Pricing comparables for CBD food and beverage assets typically reflect per-square-foot metrics ranging from S$8 to S$15 per sqft annually for well-maintained, strategically-located spaces, depending on specific micro-location, traffic patterns, and configuration. The property's 16,000 sqft scale and two-minute MRT proximity place it within the upper-quartile demand range, supporting valuations consistent with recently-transacted CBD hospitality properties in similar locations.
Forward-Looking Considerations
Singapore's post-pandemic commercial real estate landscape increasingly rewards properties offering flexibility, walkability, and integrated amenities—precisely the characteristics this development embodies. Corporate attitudes toward remote work and distributed teams suggest sustained demand for professional co-working infrastructure, whilst the nation's visitor economy recovery and local demographic preferences favour convenient, well-appointed dining and socialising venues. Properties positioned to serve both trends simultaneously are likely to experience more resilient demand and pricing than single-sector alternatives.
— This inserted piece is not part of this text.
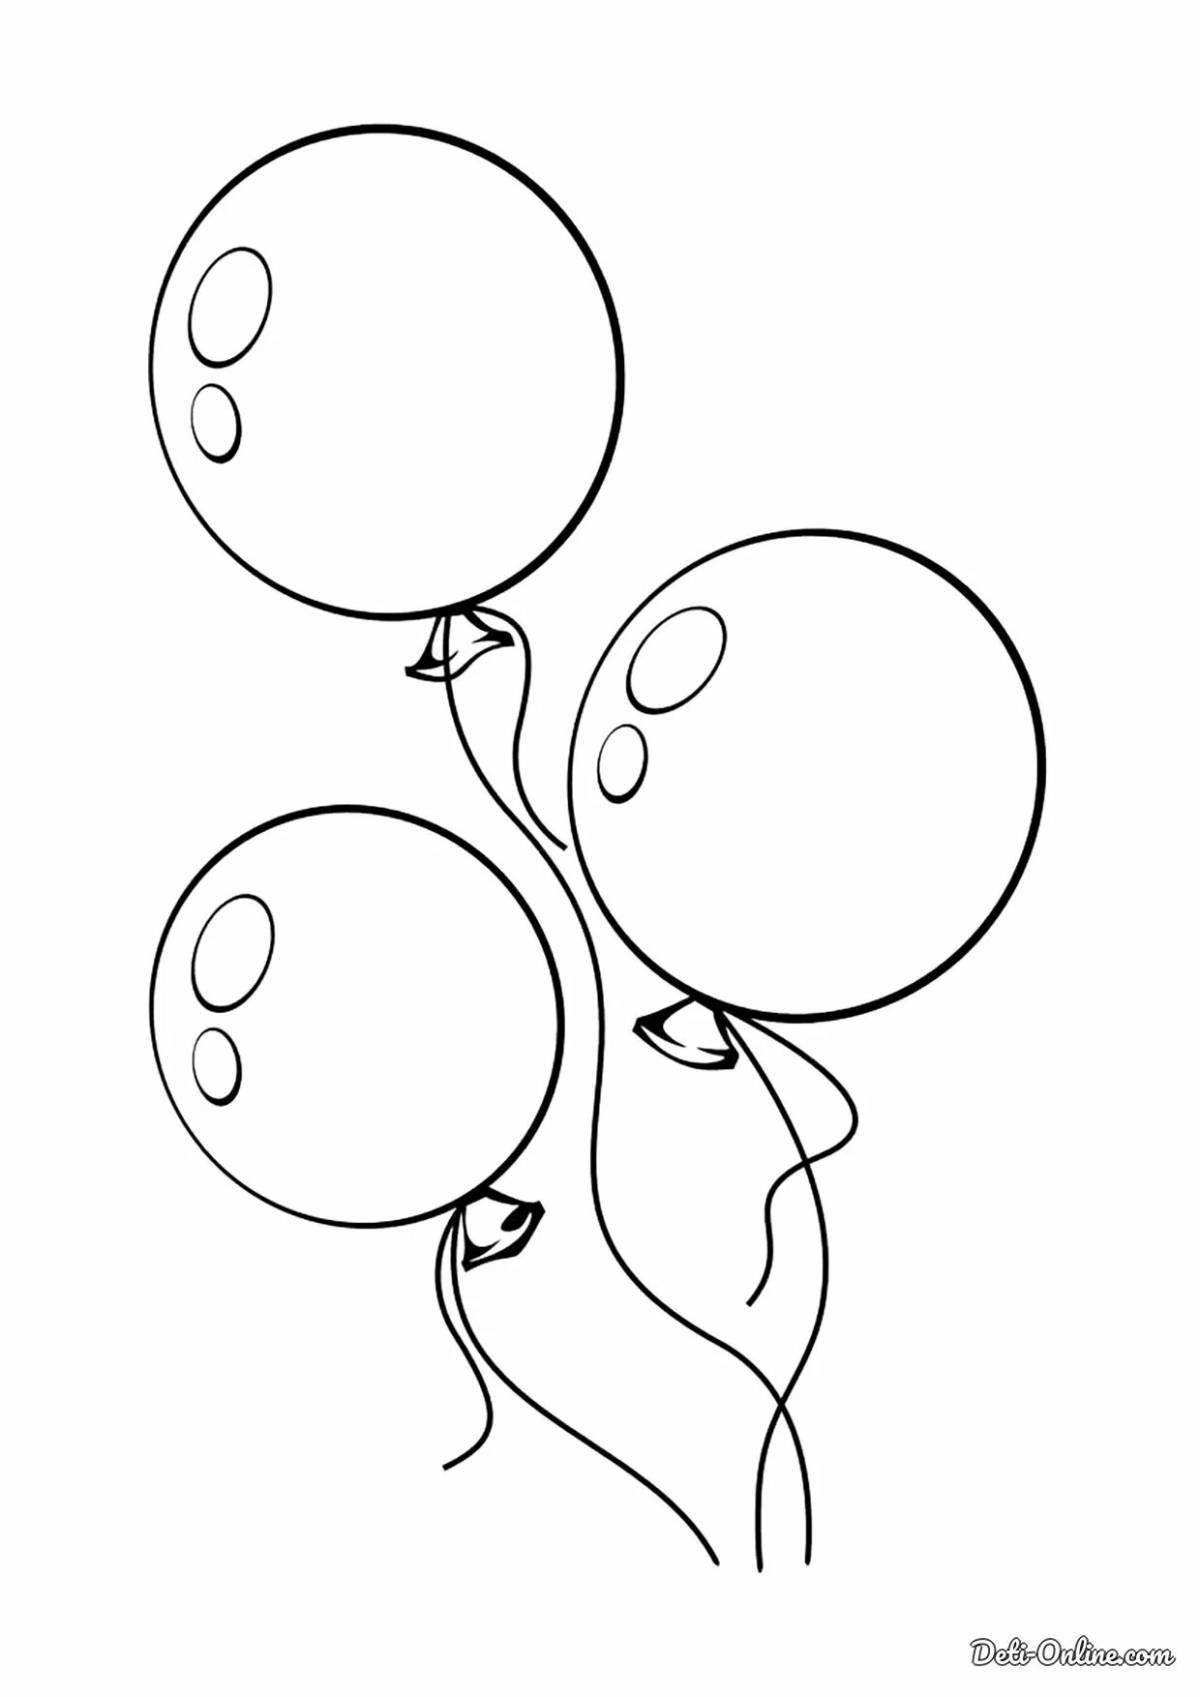 Crazy ball coloring page for 3-4 year olds

Prospective buyers should consider medium to long-term strategic value beyond immediate income generation, evaluating potential for concept evolution, operator upgrade, or repositioning as neighbourhood commercial values mature. The CBD market has historically rewarded patient capital, with well-maintained, well-located properties typically appreciating at or above inflation rates over five to ten-year holding periods, supplemented by consistent operational returns.